In Nigeria, what you see is rarely what it actually is. It's a coded culture, just like Chinese culture or any other very old non-western culture. It's like several scenes being shown on the same screen at the same time. It's almost impossible for foreigners to decipher what happening at any moment. Americans are like babies there. White businessmen are almost always accompanied by a Nigerian just about everywhere they go because they don't know what's going on otherwise. It's not just the language. Things and people are rarely what they seem to be.
In my opinion, trading with external forces is fine (but some mindsets feel all trading entities must be black, so those that feel that way will never agree on such approaches). Regardless, I think most would agree that things become problematic when resources trickle out of a nation.
For example, let's say that all of this encourages African to use their skills in China. That would be all well and good, as long as they return back to their countries with whatever they have gained from the Chinese economy. Often times this doesn't happen... people immigrate out and continue to reside in whatever country. This is especially the case with people coming to America. So anything they have gained now goes back into another economy, one which was probably more stable to begin with than the economy they came from. This of course is not to knock those that decide to stay, especially if they can build some type of infrastructure for their community in the new country, but if this is done on a mass scale, then how is the original economy going to be rebuilt?
Riada also brought up the point that some African leaders are doing this to put their stolen money in Chinese banks.
So ultimately, I would say if an action is going to lead into an increase of resources into the African economy while keeping everything intact culturally, etc. then it is one that needs to be taken. If it's going to possibly subtract resources from the African economy it is one that should be avoided or at least done with caution.

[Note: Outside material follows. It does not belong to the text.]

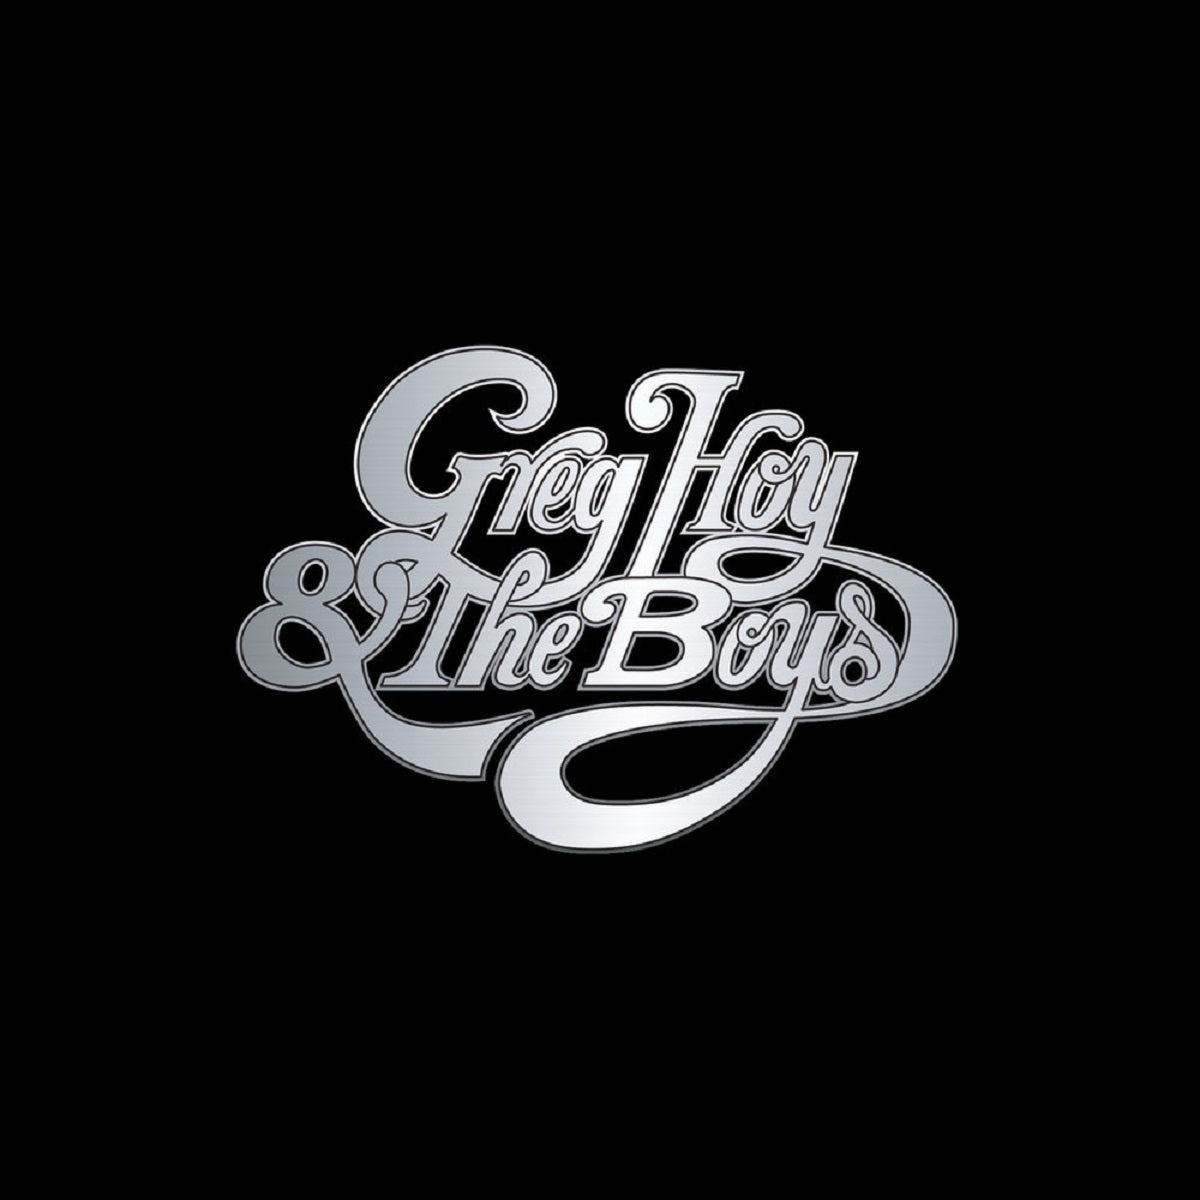 Greg Hoy & The Boys – ‘Brilliant Jerk’

There is nothing wrong with learning a foreign language, especially one that is likely to play a dominant role in economic life in the future.If the zimbabwean government is doing it on the basis of promoting economic and cultural ties with China, than there is nothing wrong. What i would not like to see is the use of force to introduce a language.language is an instrument of power you only have to look at the English language and its dominant role in international commerce, politics, culture.China itself has been promoting the use of the English as a second language.so if it is being done to pursue an economic interest there is nothing entirely wrong.